Они жили вдвоём в трёхкомнатной квартире на пятом этаже пятиэтажки вдоль улицы Шевченко, потому что их дети уже выросли и отделились. Сыновья – в Россию, дочка – к мужу, но тоже в Нежине. Жомнирам хватало двух комнат, третью Александр Васильевич превратил в архивный кабинет: стол, стул и – стеллажи до потолка из мощных досок, заваленные кипами картонных папок, книг, журналов, стопками бумаг, и вся эта неразбериха выплёскивалась и громоздилась даже на подоконнике окна без всяких штор, единственного на всю комнату… Мне это нравилось.
И мне нравился рассказ Иры о бесчеловечности Жомнира… Тогда его семья жила ещё в полном составе в пятиэтажке родителей Иры и во время квартирного ремонта он разделил площадь пола по числу членов семьи, покрасил квадратуру своей доли, опустил кисть в банку с водой, пожелал остальной семье трудовых успехов и – умыл руки…
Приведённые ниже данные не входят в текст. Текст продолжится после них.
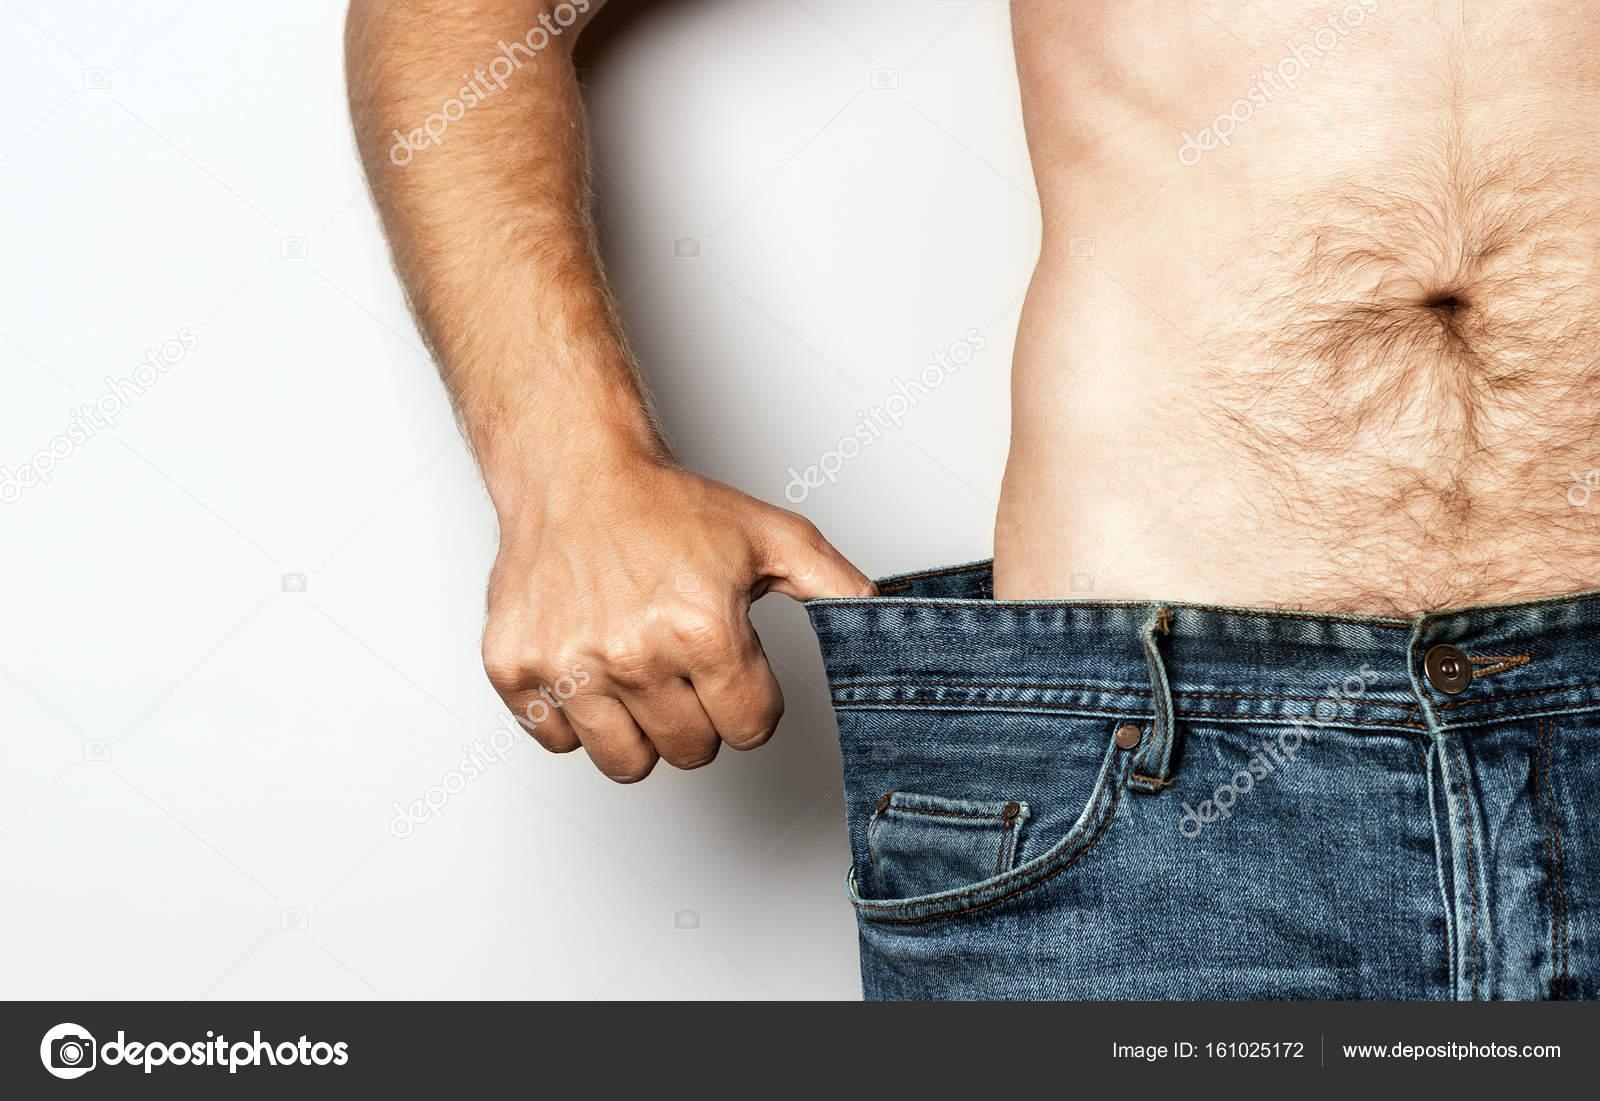 Dieta para baixar peso

Его жена, Мария Антоновна, бесшумная женщина с седыми до чистой белизны волосами, подарила мне книжку стихов Марины Цветаевой и заставила полюбить её стихи. Прежде я думал, что поэтессы годятся лишь кружева плести из рифм. Марина не такая, она умеет, когда нужно, изнасиловать слово.
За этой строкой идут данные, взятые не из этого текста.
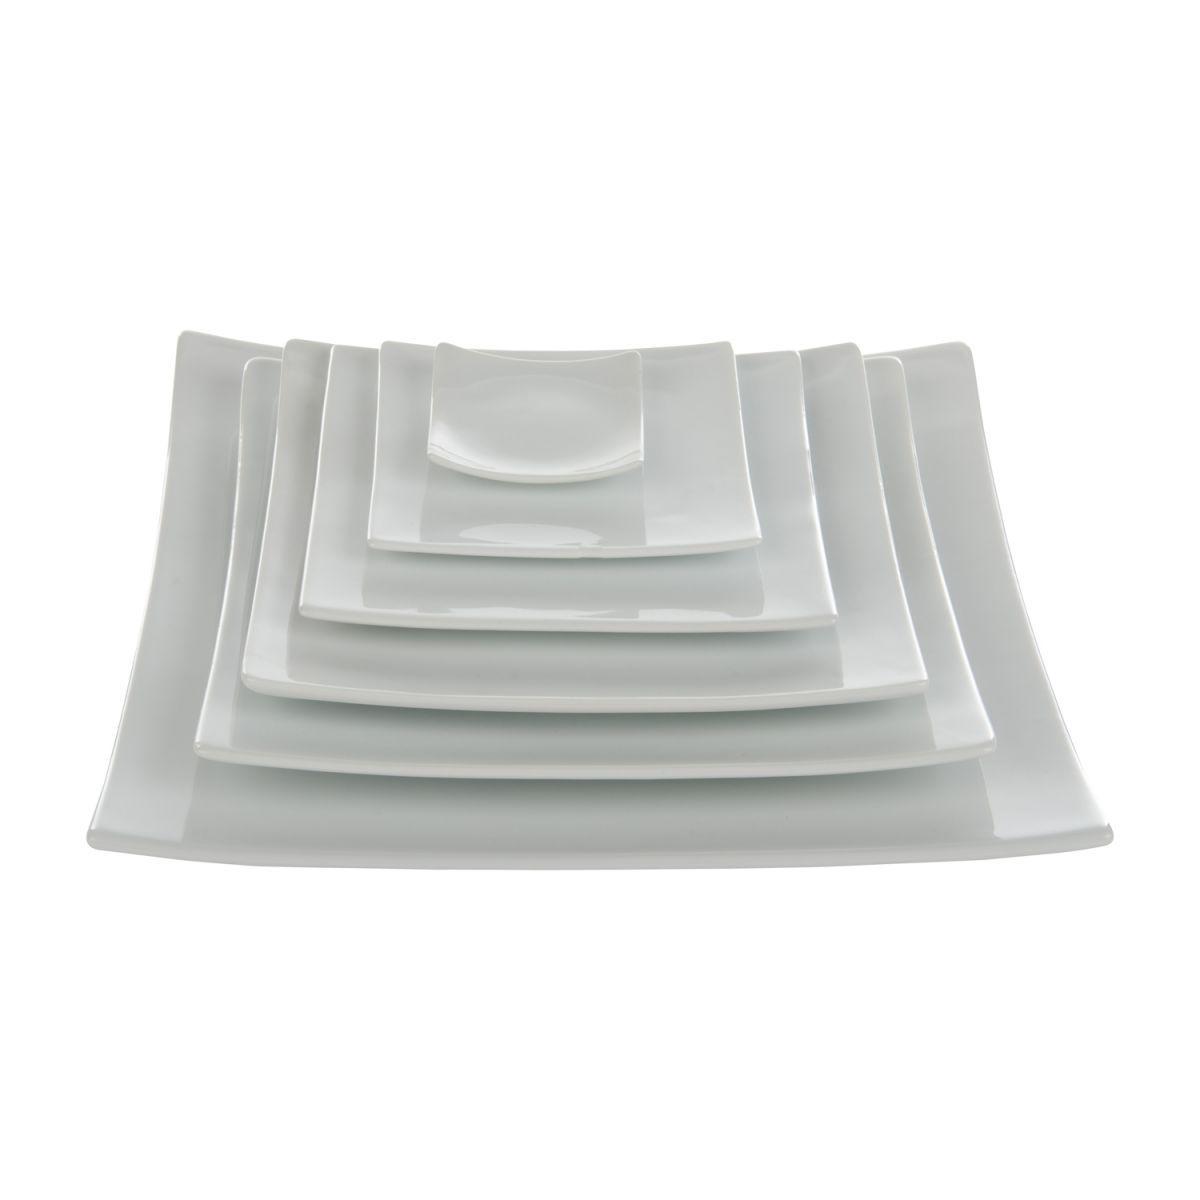 plate plain square 12 x 12 cm box6

Я живо вспомнил её стихи в электричке из Конотопа, потому что продолжал туда ездить, хотя не каждую неделю, как прежде. Из чувства долга перед Леночкой. Она всегда была хорошим ребёнком и я даже любил её, по-своему. Просто никогда не умел тетешкать и сюсюкать, больше чем минут на десять меня не хватает… В тамбуре вагона я курнул, а потом, неожиданно для самого себя, начал прощупывать отворот своего верблюжьего пальто. Даже не знаю зачем. И – точно: в самом уголке таилась длинная портновская игла, вонзённая между слоями ткани. Как же я намучился пока её вытащил! Всё повторилось и с отворотом напротив.
(…воткнута игла точь-в-точь как в той ранней поэме Цветаевой…)
Я выбросил иглы в прорези над стеклом в двери вагона грохотавшего в сторону Нежина. Откуда они взялись? Воткнула ревнивая мать как в той поэме? Или куплены вместе с пальто от Алёши? И (это уж вообще непостижимо!) что заставило меня их найти?
(…так много ещё вопросов, на которые мне не найти ответа. Никогда…)
Мои визиты к Жомнирам тревожили тёщу. Всего более её тревожило – как бы меня не угостили там варёной колбасой. Она явно опасалась, что такая колбаса позволяет изменять человека, превращать его в зомби, как в фильме Матрица, снятом в Голливуде лет тридцать спустя. Она не знала, что я робот нового поколения, которое зомбируется и форматируется посредством печатного текста. А ничего, Гаина Михайловна, что Жомнир скормил мне книгу Гессе, у которого один абзац может тянуться полторы страницы?
(…возможность воздействия текста на окружающую действительность через зомбированного меня не однажды удостоверялась личным опытом.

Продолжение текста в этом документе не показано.